UN Surveillance Expert Urges Moratorium on Sale of Spyware

The world should impose a moratorium on the sale and use of surveillance software until there are rules in place to stop governments using it to spy on opponents and critics, a UN expert has recommended.

David Kaye, UN Special Rapporteur for Freedom of Expression

David Kaye, UN Special Rapporteur for Freedom of Expression (Photo: UN)

David Kaye, the UN special rapporteur on freedom of expression, submitted his recommendations in a report issued last week to the UN Human Rights Council, which opened a three-week session. Kaye said he had received detailed testimony about governments using spyware developed and supported by private companies, but the market was shrouded in secrecy.

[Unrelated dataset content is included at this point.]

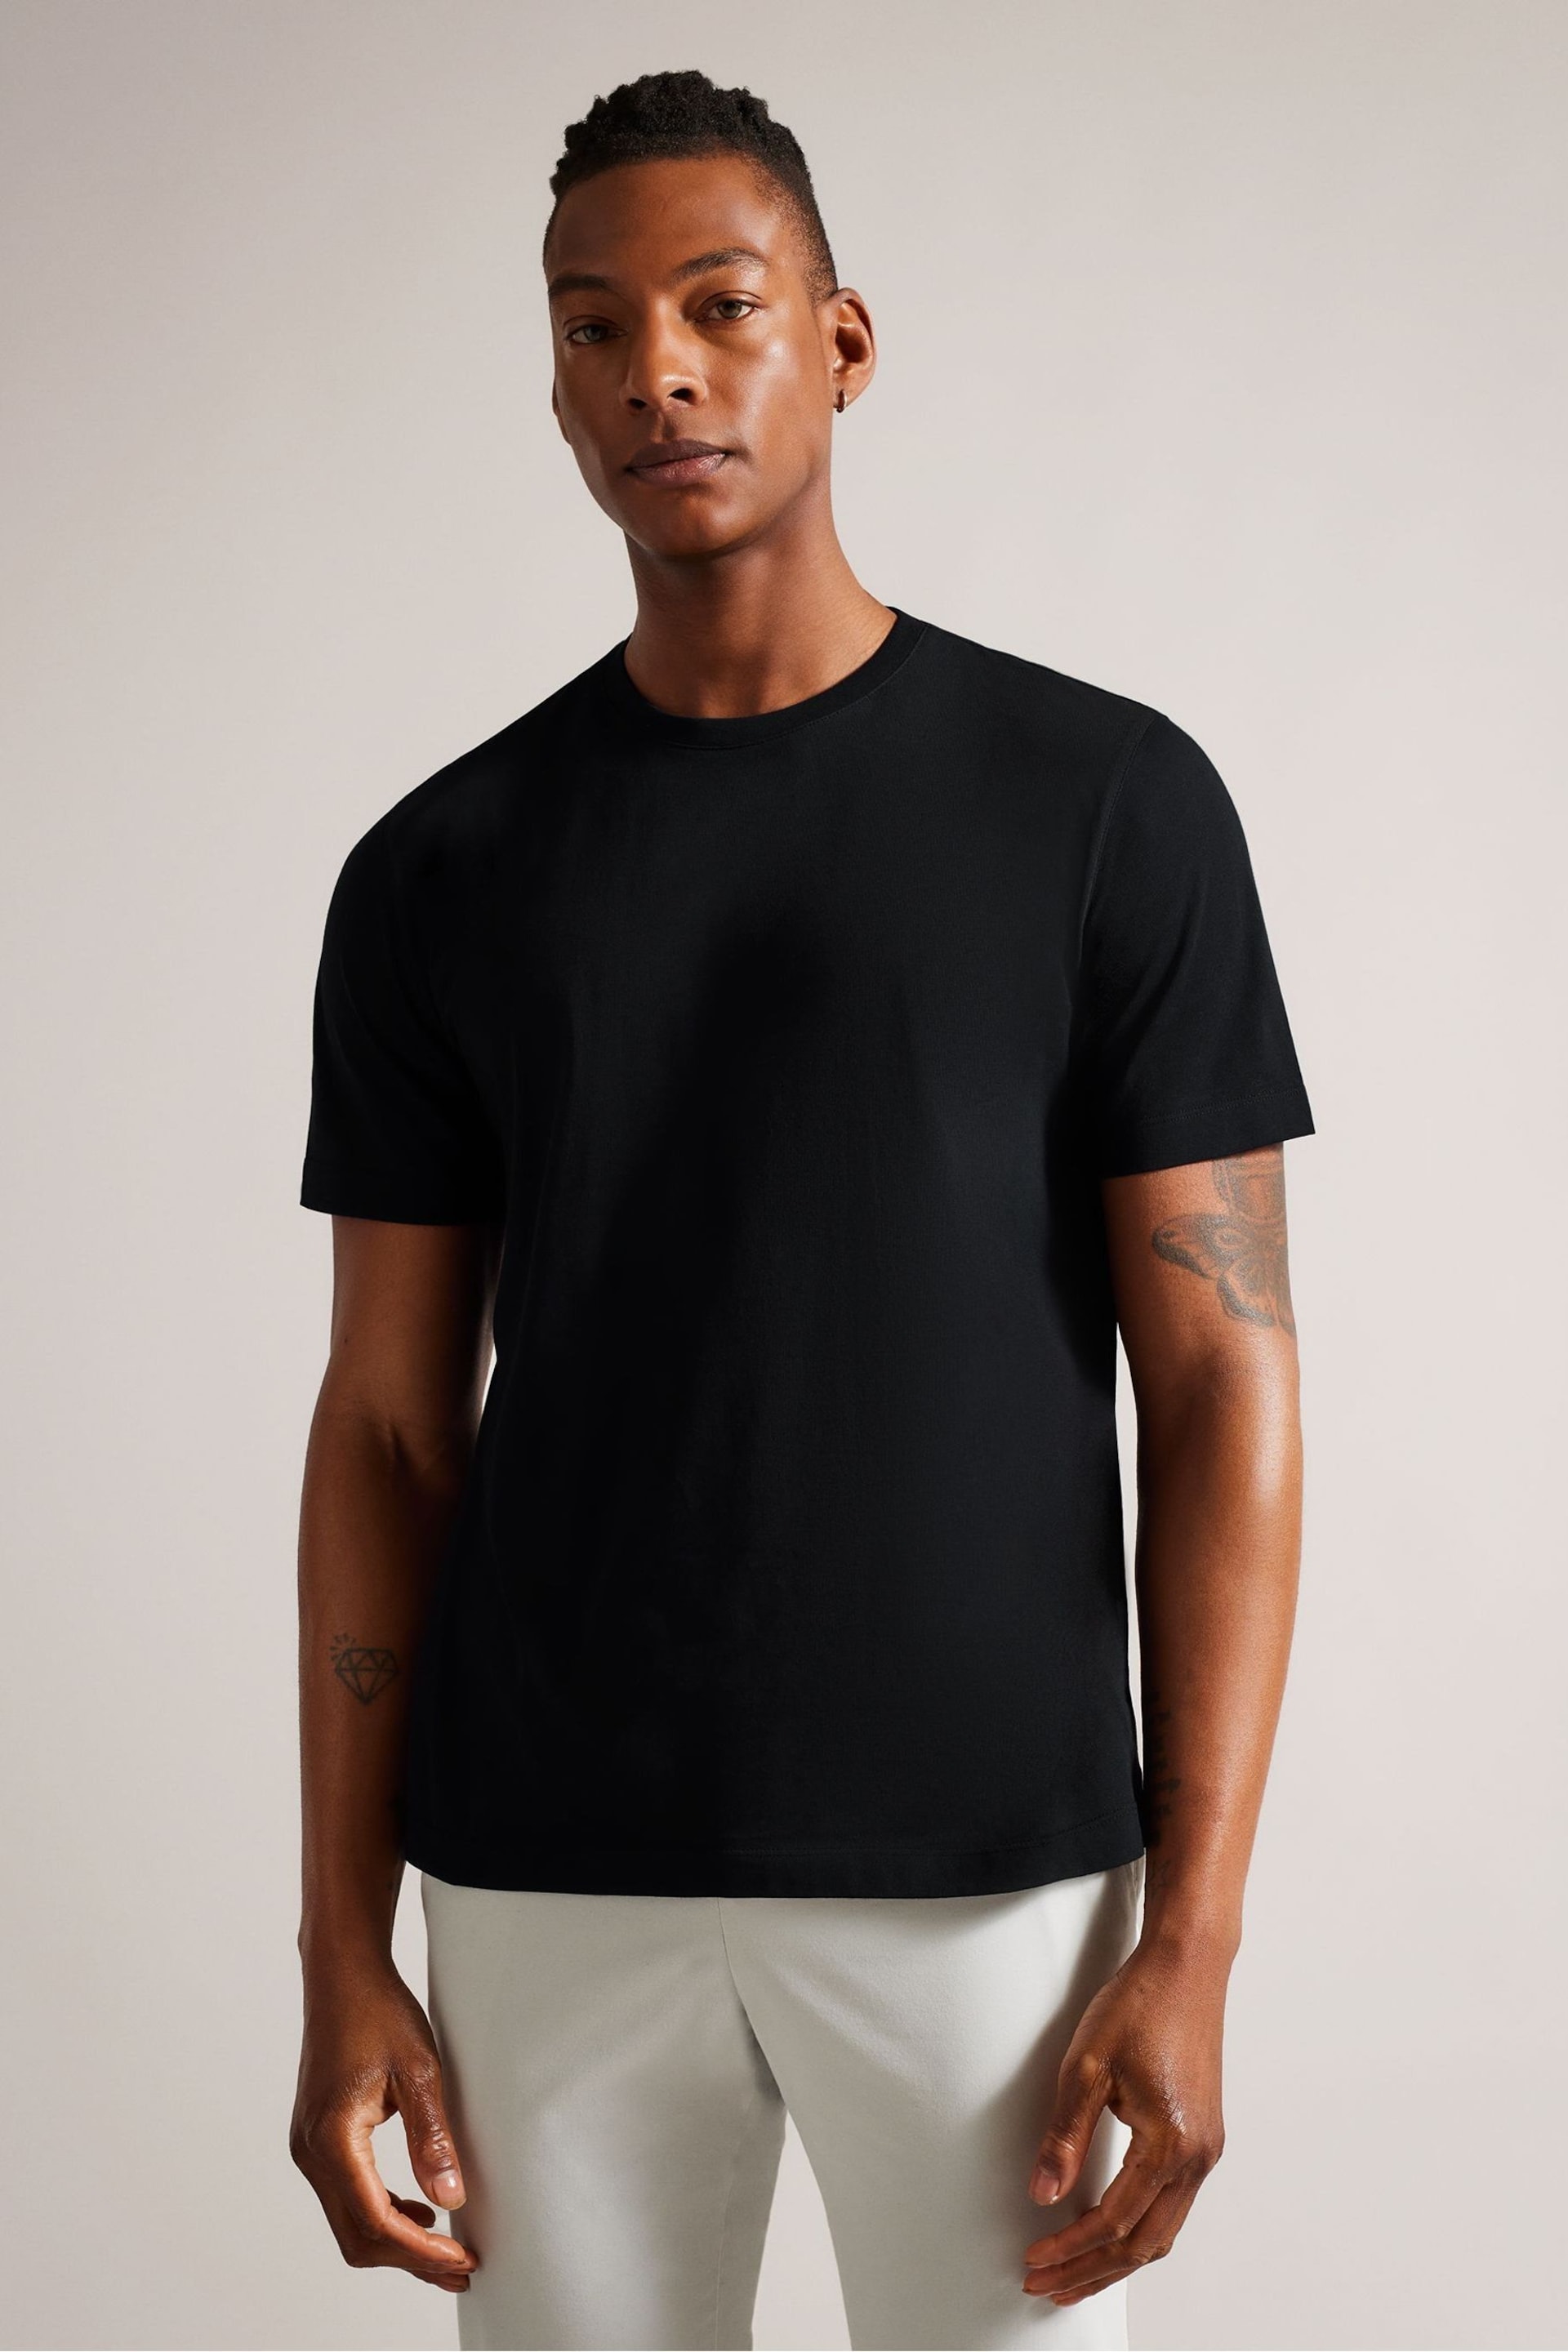 Ted Baker Black Tywinn Regular Plain T-Shirt - Image 1 of 5

“Surveillance of specific individuals – often journalists, activists, opposition figures, critics and others exercising their right to freedom of expression – has been shown to lead to arbitrary detention, sometimes to torture and possibly to extrajudicial killings,” he wrote. “States should impose an immediate moratorium on the export; sale, transfer, use or servicing of privately developed surveillance tools until a human rights-compliant safeguards regime is in place.” In his report, Kaye said government oversight of spyware “hardly exists,” and there was an “extraordinary risk of abuse.”

Kaye cited the examples of Pegasus spyware, produced by Israel’s NSO Group, which he said had been identified as being used to target individuals in 45 countries, and FinSpy, also known as FinFisher, produced by German-British Gamma Group.